The Mid-American Conference men's basketball tournament is the NCAA Division I postseason single-elimination tournament for the Mid-American Conference (MAC).  The winner of the tournament receives the MAC's automatic bid to the NCAA Men's Division I Basketball Championship. As of the next MAC tournament in 2021, the top eight teams in conference play will qualify for the tournament. Since 2000, the MAC Tournament has been held at Rocket Mortgage FieldHouse in Cleveland and is planned to be held there through at least 2030. The finals are broadcast on ESPN2 and the semi and quarterfinals are broadcast on Spectrum Sports and ESPN3.

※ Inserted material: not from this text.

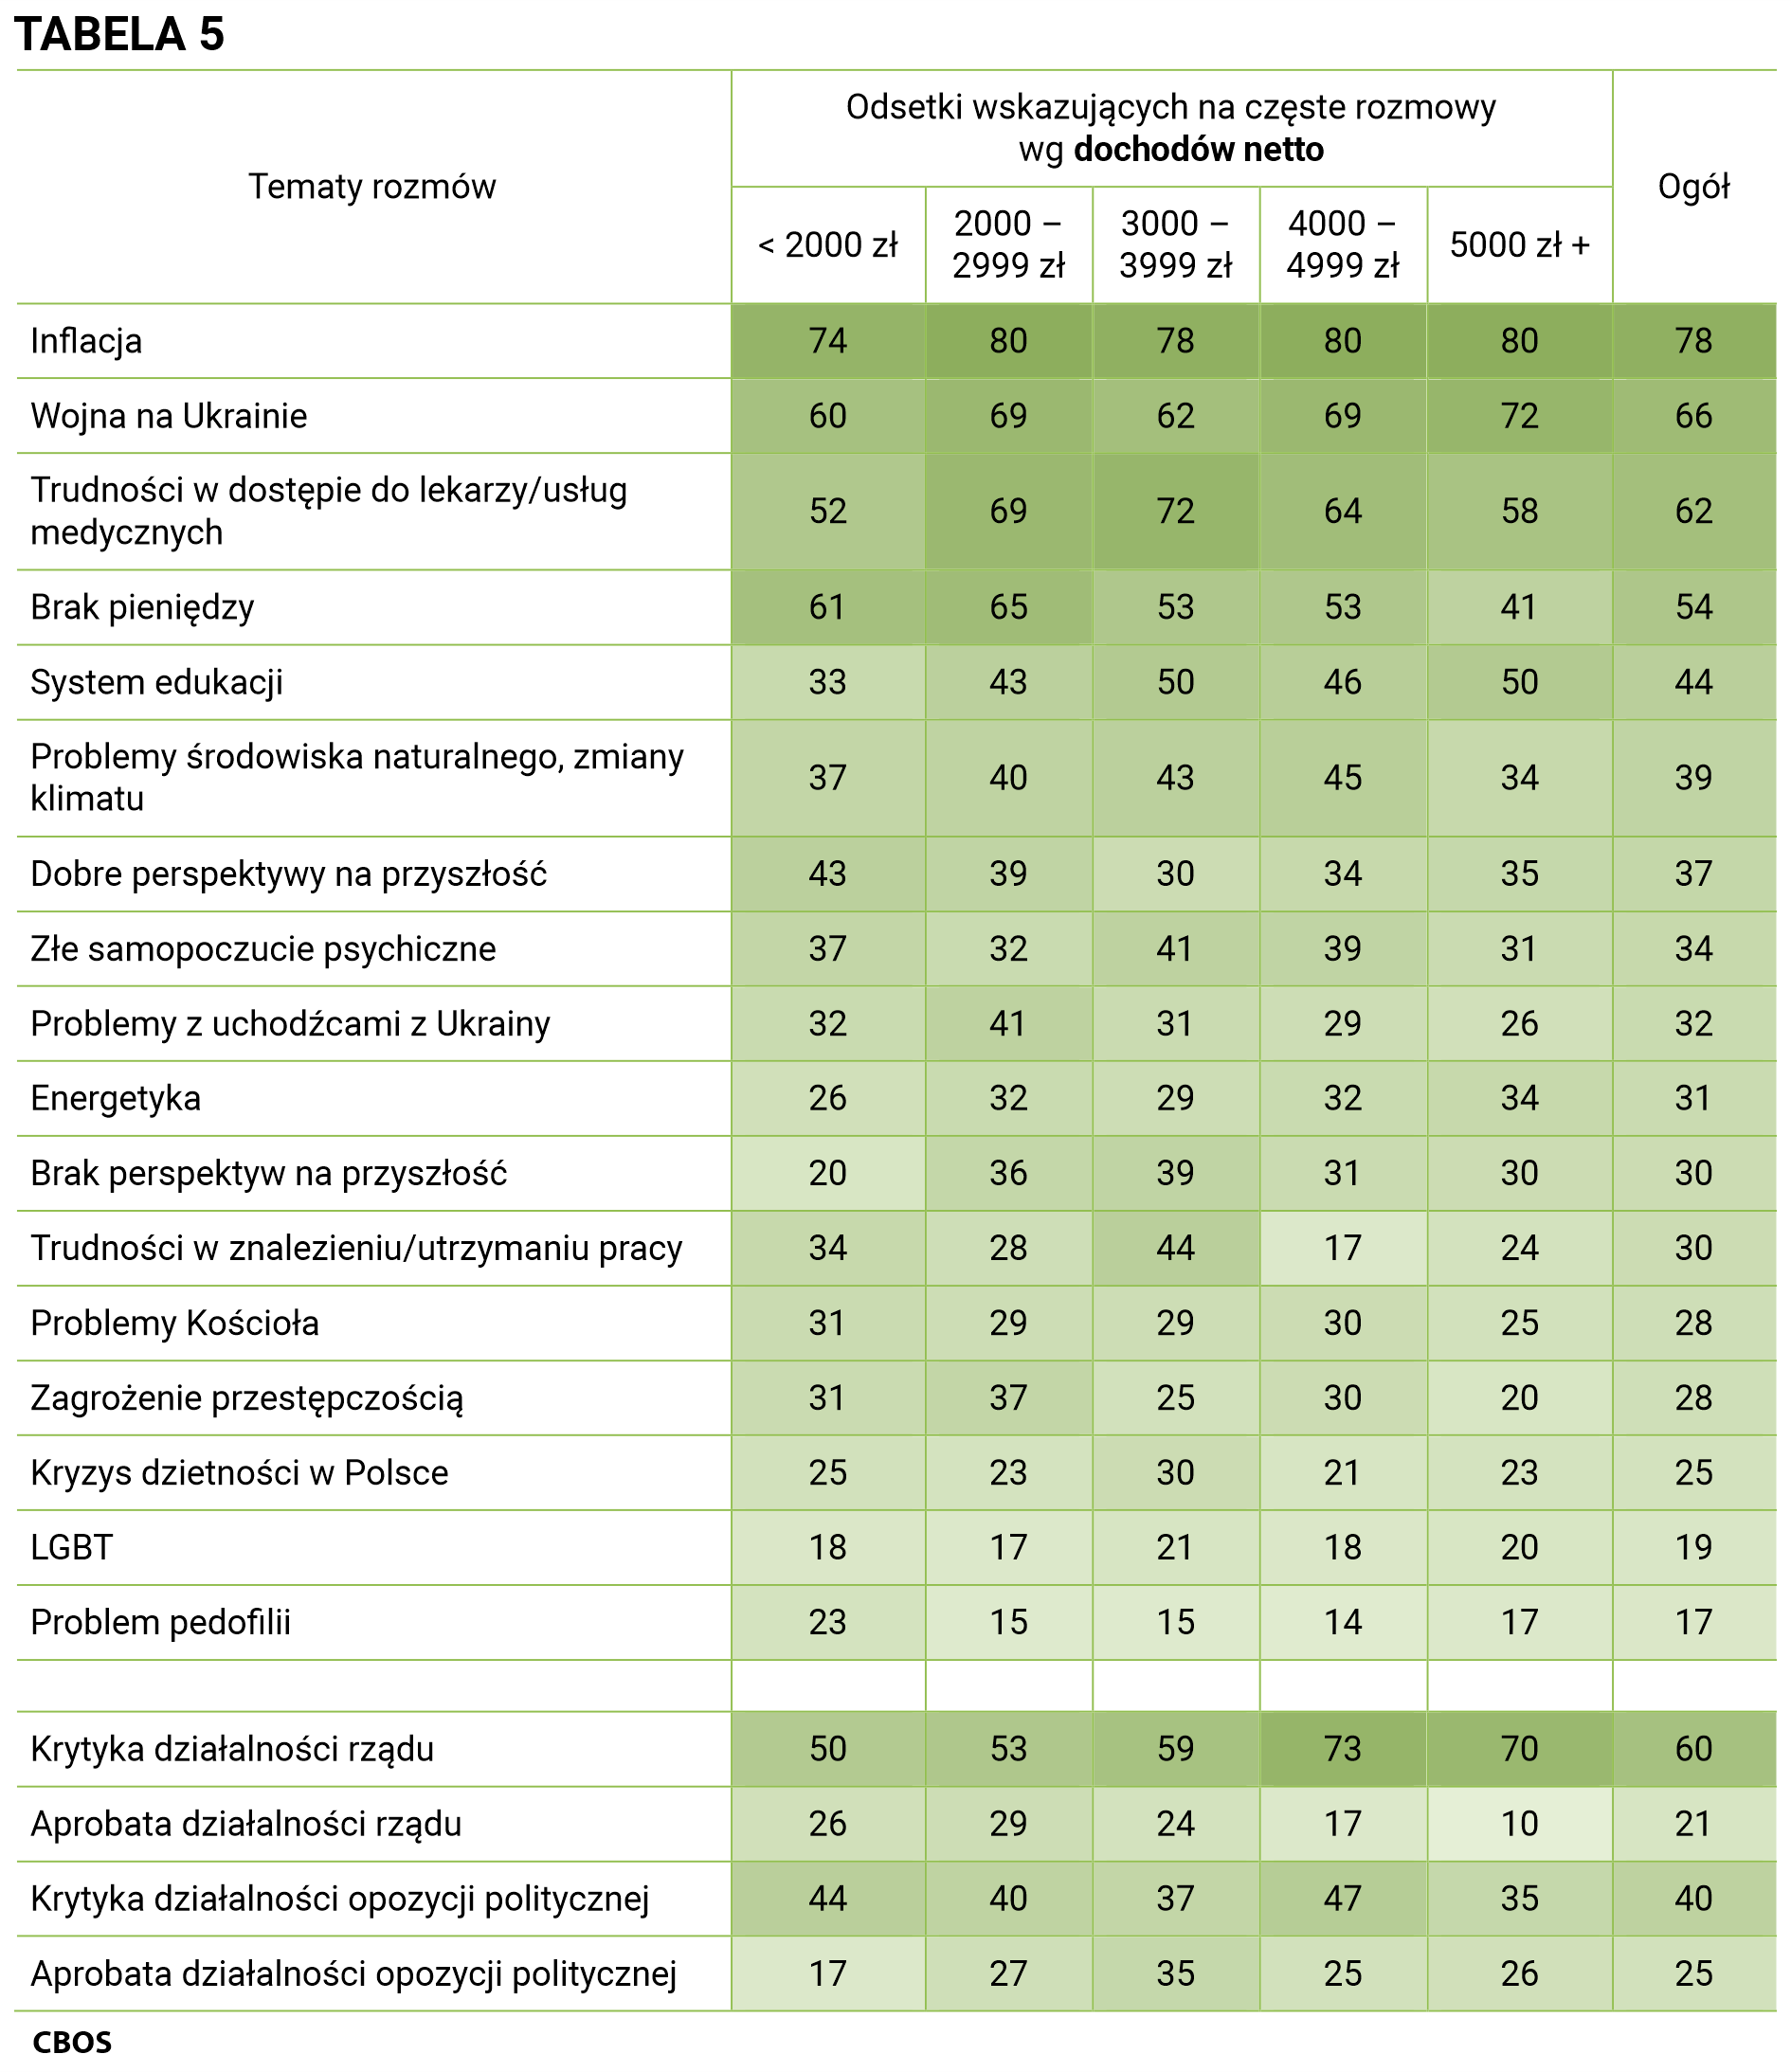 Tabela 5 Tematy rozmów i odsetki wskazujących na częste rozmowy według dochodów netto. Inflacja - Ogół (78%), poniżej 2000 zł (74%), od 2000 zł do 2999 zł (80%), od 3000 zł do 3999 zł (78%), od 4000 do 4999 zł (80%), powyżej 5000 zł (80%); Wojna na Ukrainie - Ogół (66%), poniżej 2000 zł (60%), od 2000 zł do 2999 zł (69%), od 3000 do 3999 zł (62%), od 4000 do 4999 zł (69%), powyżej 5000 zł (72%); Trudności w dostępie do lekarzy/usług medycznych - Ogół (62%), poniżej 2000 zł (52%), od 2000 zł do 2999 zł (69%), od 3000 do 3999 zł (72%), od 4000 do 4999 zł (64%), powyżej 5000 zł (58%); Brak pieniędzy - Ogół (54%), poniżej 2000 zł (61%), od 2000 zł do 2999 zł (65%), od 3000 do 3999 zł (53%), od 4000 do 4999 zł (53%), powyżej 5000 zł (41%); System edukacji - Ogół (44%), poniżej 2000 zł (33%), od 2000 zł do 2999 zł (43%), od 3000 do 3999 zł (50%), od 4000 do 4999 zł (46%), powyżej 5000 zł (50%); Problemy środowiska naturalnego, zmiany klimatu - Ogół (39%), poniżej 2000 zł (37%), od 2000 zł do 2999 zł (40%), od 3000 do 3999 zł (43%), od 4000 do 4999 zł (45%), powyżej 5000 zł (34%); Dobre perspektywy na przyszłość - Ogół (37%), poniżej 2000 zł (43%), od 2000 zł do 2999 zł (39%), od 3000 do 3999 zł (30%), od 4000 do 4999 zł (34%), powyżej 5000 zł (35%); Złe samopoczucie psychiczne - Ogół (34%), poniżej 2000 zł (37%), od 2000 zł do 2999 zł (32%), od 3000 do 3999 zł (41%), od 4000 do 4999 zł (39%), powyżej 5000 zł (31%); Problemy z uchodźcami z Ukrainy - Ogół (32%), poniżej 2000 zł (32%), od 2000 zł do 2999 zł (41%), od 3000 do 3999 zł (31%), od 4000 do 4999 zł (29%), powyżej 5000 zł (26%); Energetyka - Ogół (31%), poniżej 2000 zł (26%), od 2000 zł do 2999 zł (32%), od 3000 do 3999 zł (29%), od 4000 do 4999 zł (32%), powyżej 5000 zł (34%); Brak perspektyw na przyszłość - Ogół (30%), poniżej 2000 zł (20%), od 2000 zł do 2999 zł (36%), od 3000 do 3999 zł (39%), od 4000 do 4999 zł (31%), powyżej 5000 zł (30%); Trudności w znalezieniu/utrzymaniu pracy - Ogół (30%), poniżej 2000 zł (34%), od 2000 zł do 2999 zł (28%), od 3000 do 3999 zł (44%), od 4000 do 4999 zł (17%), powyżej 5000 zł (24%); Problemy Kościoła - Ogół (28%), poniżej 2000 zł (31%), od 2000 zł do 2999 zł (29%), od 3000 do 3999 zł (29%), od 4000 do 4999 zł (30%), powyżej 5000 zł (25%); Zagrożenie przestępczością - Ogół (28%), poniżej 2000 zł (31%), od 2000 zł do 2999 zł (37%), od 3000 do 3999 zł (25%), od 4000 do 4999 zł (30%), powyżej 5000 zł (20%); Kryzys dzietności w Polsce - Ogół (25%), poniżej 2000 zł (25%), od 2000 zł do 2999 zł (23%), od 3000 do 3999 zł (30%), od 4000 do 4999 zł (21%), powyżej 5000 zł (23%); LGBT - Ogół (19%), poniżej 2000 zł (18%), od 2000 zł do 2999 zł (17%), od 3000 do 3999 zł (21%), od 4000 do 4999 zł (18%), powyżej 5000 zł (20%); Problem pedofilii - Ogół (17%), poniżej 2000 zł (23%), od 2000 zł do 2999 zł (15%), od 3000 do 3999 zł (15%), od 4000 do 4999 zł (14%), powyżej 5000 zł (17%); Krytyka działalności rządu - Ogół (60%), poniżej 2000 zł (50%), od 2000 zł do 2999 zł (53%), od 3000 do 3999 zł (59%), od 4000 do 4999 zł (73%), powyżej 5000 zł (70%); Aprobata działalności rządu - Ogół (21%), poniżej 2000 zł (26%), od 2000 zł do 2999 zł (29%), od 3000 do 3999 zł (24%), od 4000 do 4999 zł (17%), powyżej 5000 zł (10%); Krytyka działalności opozycji politycznej - Ogół (40%), poniżej 2000 zł (44%), od 2000 zł do 2999 zł (40%), od 3000 do 3999 zł (37%), od 4000 do 4999 zł (47%), powyżej 5000 zł (35%); Aprobata działalności opozycji politycznej - Ogół (25%), poniżej 2000 zł (17%), od 2000 zł do 2999 zł (27%), od 3000 do 3999 zł (35%), od 4000 do 4999 zł (25%), powyżej 5000 zł (26%).

The tournament was first played in 1980 and expanded to include all conference members in 2000. The tournament continued to involve all conference members (barring postseason bans due to NCAA sanctions) through the 2020 edition, which was canceled in progress due to the COVID-19 pandemic. In May 2020, as part of a broader suite of changes to MAC postseason tournaments triggered by the pandemic, the MAC announced it would reduce its men's and women's basketball tournaments to 8 teams, with all qualifying teams playing in Cleveland. Additionally, the MAC eliminated its basketball divisions and increased its conference schedule from 18 to 20 games. These changes will remain in place through at least the 2023–24 season. Ball State, Kent State, and Ohio have the most tournament championships with seven.

Format
Seeding for the tournament is determined by winning percentage in conference play; during the era of MAC divisional play, divisional alignment did not figure into tournament seeding. The following tiebreakers are used:

1. Between two teams:
A. Head-to-head competition; B. Division Record (only used if the two teams in question are tied for the Division lead); C. Winning percentage vs. ranked conference teams (top to bottom, regardless of division, vs. common opponents regardless of the number of times played); D. Coin flip

2. For multiple (3 or more) team ties:
A. Total won-lost record/winning percentage of games played among the tied teams; B. Two (2)-team tie-breaker procedure goes into effect

Historical formats
From 2016 through the abbreviated 2020 edition, all 12 conference members participated in the tournament. The top four seeds received byes into the quarterfinals; seeds 5-12 played first-round games at the campus of the higher seed.  Winners of the first-round games advanced to face the top four seeds in the quarterfinal round in Cleveland.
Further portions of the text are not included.